Chef Christiaan is dedicated to the ethics of food sourcing in his restaurant, and obtains his meat and eggs from Farmer Angus McKintosh at Spier, and vegetables from his own garden at Delaire Graff as well as from Daniel Kruger’s vegetable and herb garden at La Motte. The bread basket offered four different bread varieties, served with olive oil and balsamic vinegar.
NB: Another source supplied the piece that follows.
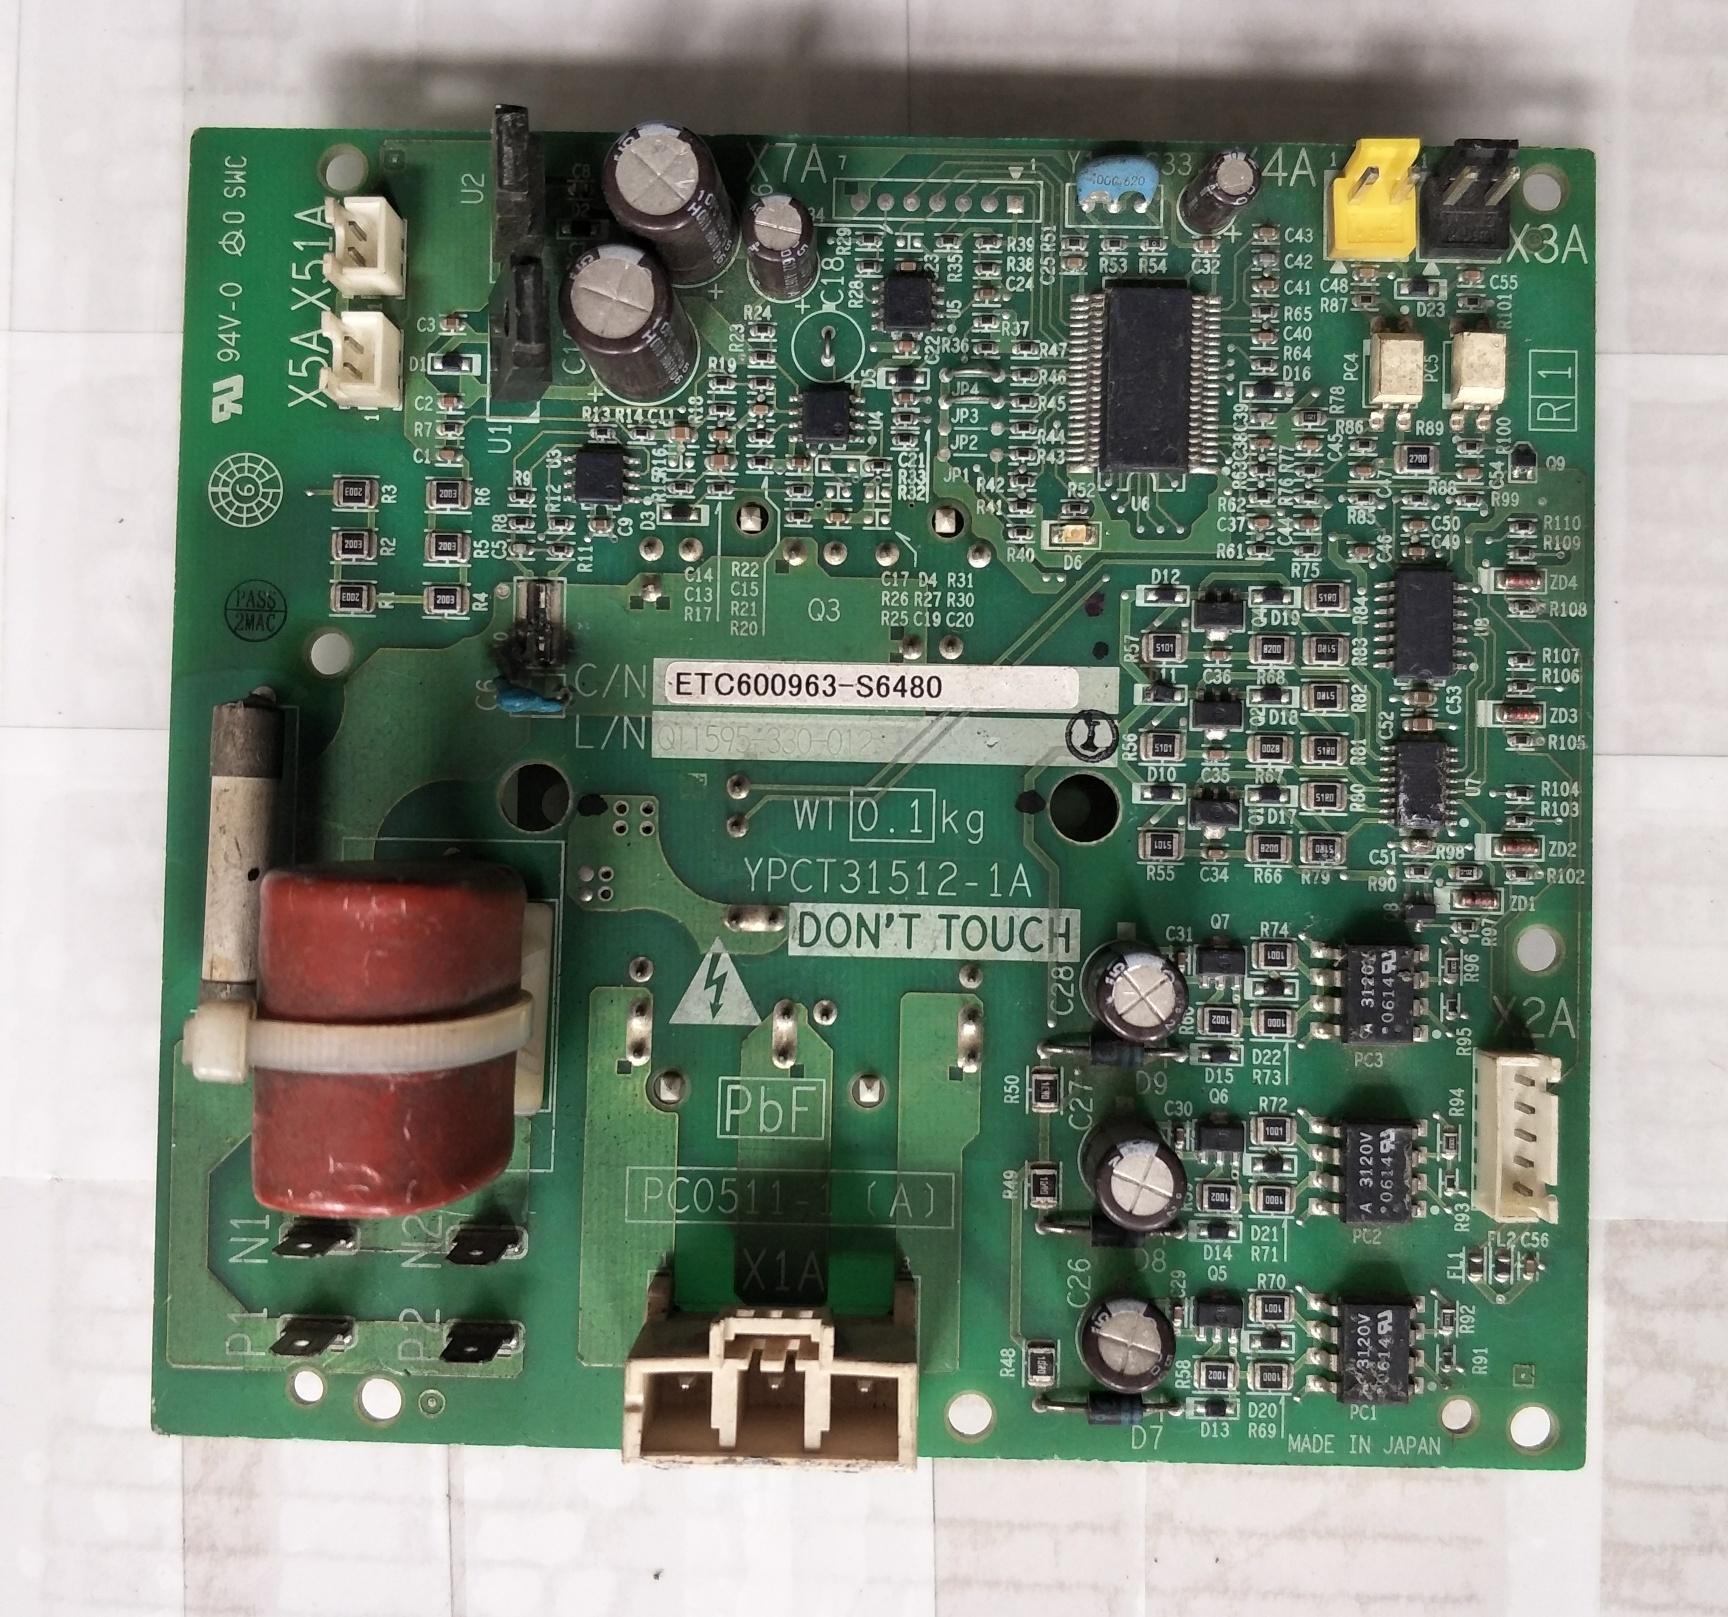 ez a modul RHXYQ8PY1 ventilátor (a) PC0511-1 nagy légkondicionáló 变频 ventilátor modul

The starter reflected his dedication to freshness, being spring vegetables,
lemon confit, set goat’s milk, goat’s cheese ice, and almond cream, which was paired with Delaire Sauvignon Blanc 2012 (grapes come from Olifantsrivier, Walker Bay and Durbanville, costing R70 at the cellar door) and Delaire Coastal Cuvee Sauvignon Blanc 2012 (grapes coming from Stellenbosch, Darling, and Durbanville, with some Franschhoek Sémillon added, costing R90 at the cellar door).
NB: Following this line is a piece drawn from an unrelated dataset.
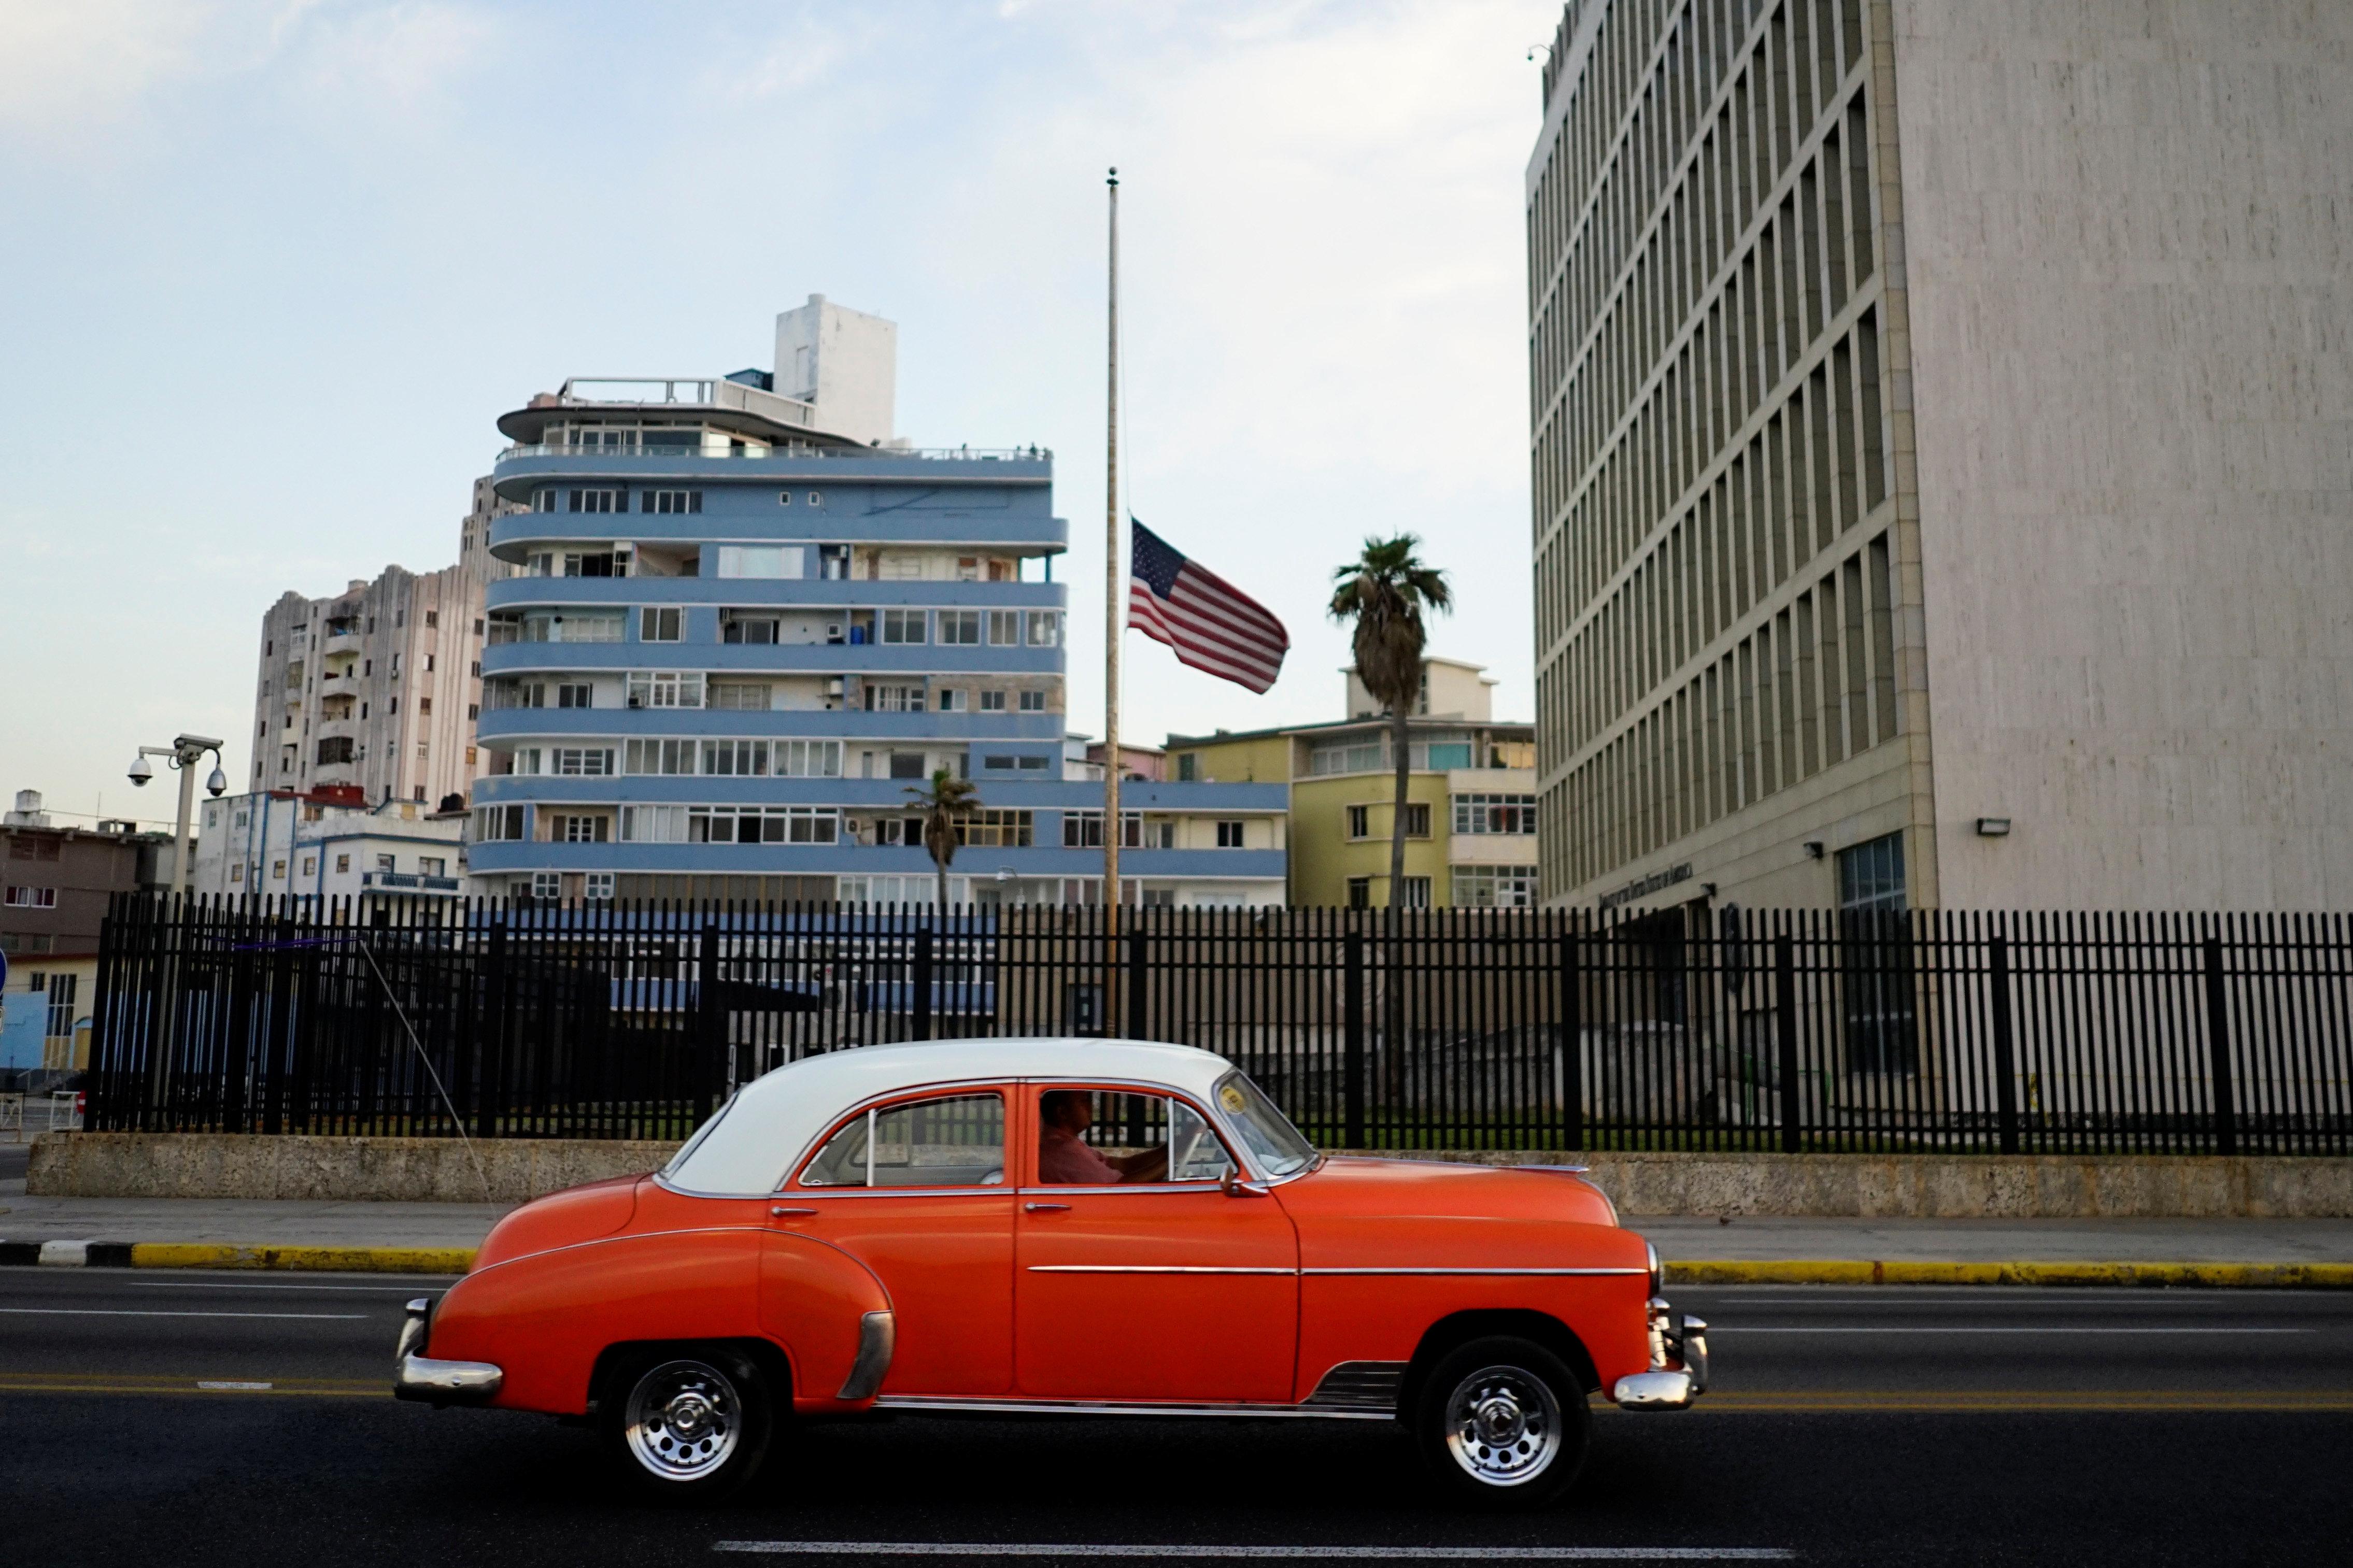 Η Κούβα απορρίπτει το ενδεχόμενο «ηχητικών επιθέσεων» σε Αμερικανούς

The Intermediate dish was a lovely medley of octopus, lobster, pickled radish, broad beans, crackers, drizzled with a lobster vinaigrette, paired with the Delaire Graff Sémillon/Sauvignon Blanc Reserve 2010, the Sémillon coming from Franschhoek, and the Sauvignon Blanc from Olifantsrivier, Durbanville, and a 45 year old Franschhoek vineyard, and costing R180 at the cellar door.
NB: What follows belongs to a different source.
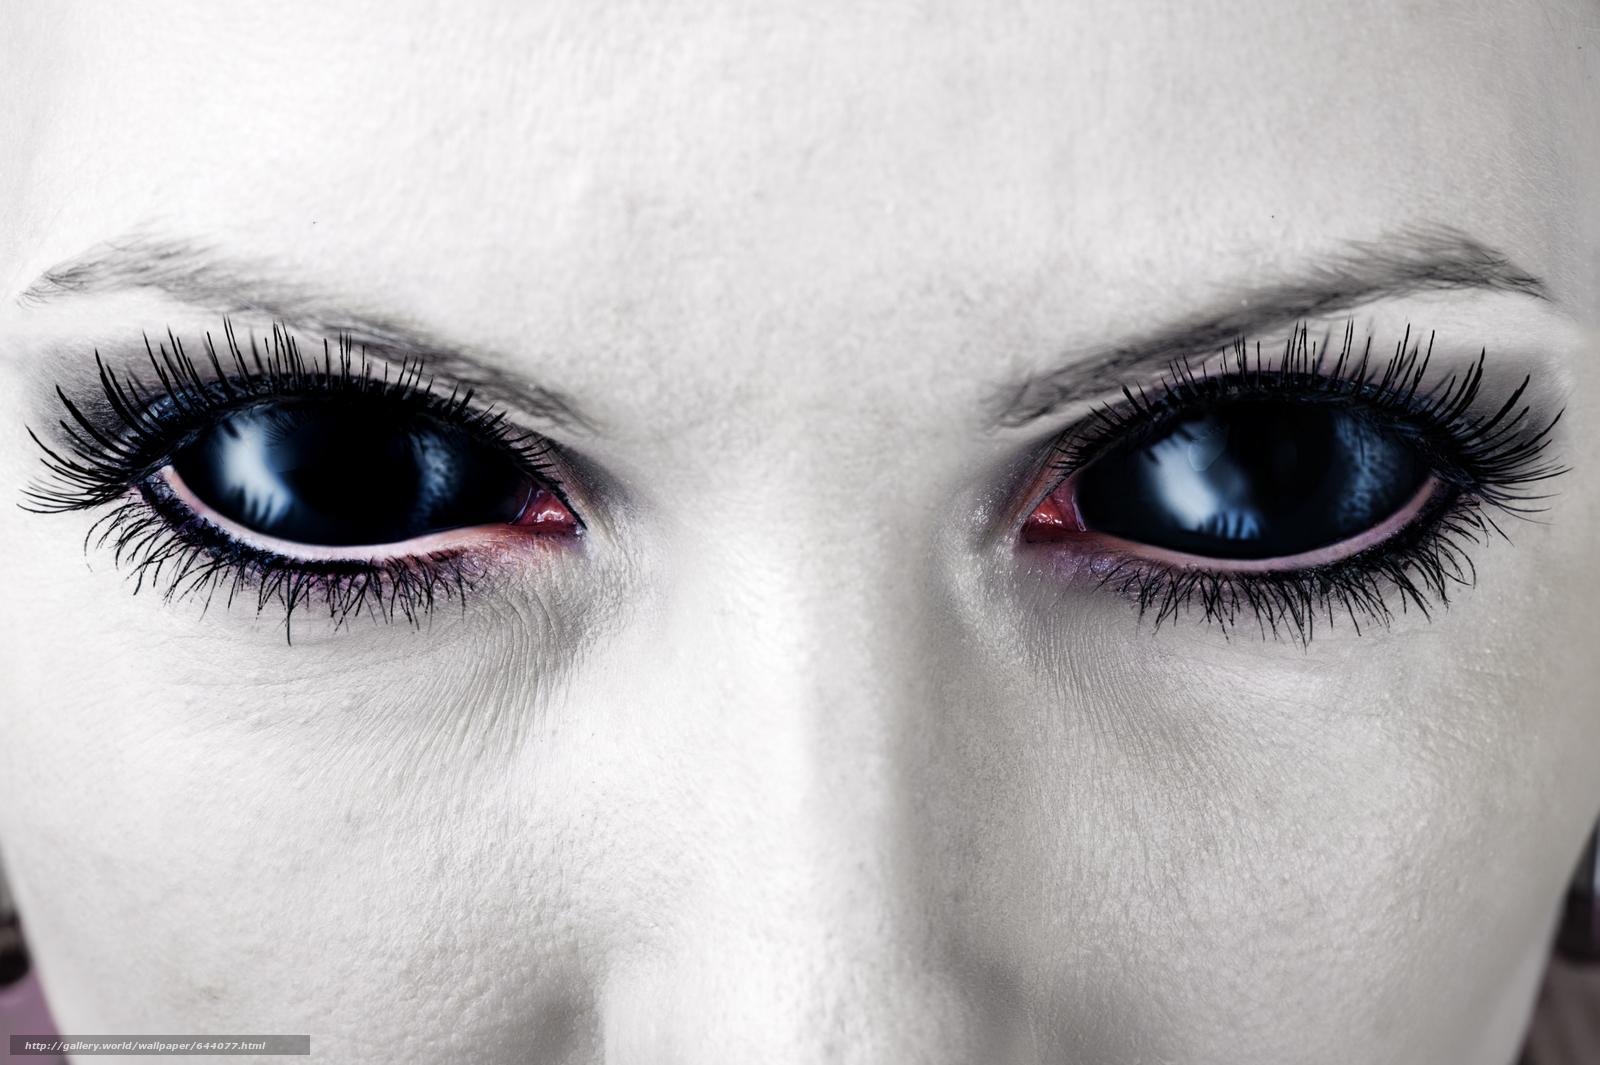 Скачать обои глаз,  глаза,  человеческие,  человек бесплатно для рабочего стола в разрешении 8512x5664 — картинка №644077

Our main course was served on beautiful black plates imported from France, Tanja shared, and was a slow-cooked lamb shoulder, served with potato pavé, broad beans, and velouté, paired with the new Laurence Graff Reserve 2009. Tanja had a special Vegetarian dish prepared, and it looked so delicious that she ordered another plateful of it, and shared it at our table.
The dessert was a delicious study in chocolate, consisting of a chocolate tart, banana crumble, peanut butter ice cream, and a most delicious home-made ‘Del-air’ chocolate that looked brittle, but was as soft as Aero, which was paired with Delaire Graff Cape Vintage 2010, a port-style wine, and coffee and tea.
Disclosure: We received a special gift pack of the precious Laurence Graff Reserve 2009 with our media pack.
Delaire Graff Estate, Helshoogte Pass, Stellenbosch. Tel (021) 885-8160. www.delaire.co.za Twitter: @DelaireGraff Wine Lounge Monday – Sunday 10h00 – 17h00. Lunch Monday – Sunday, Dinner Monday – Saturday.
Chris von Ulmenstein, Whale Cottage Portfolio: www.whalecottage.com Twitter: @WhaleCottage
Chris, if you ever need an assistant, I am your woman!
I’m assuming you are referring to drinking the precious liquids?! You are already doing well on being a ‘stirring’ assistant!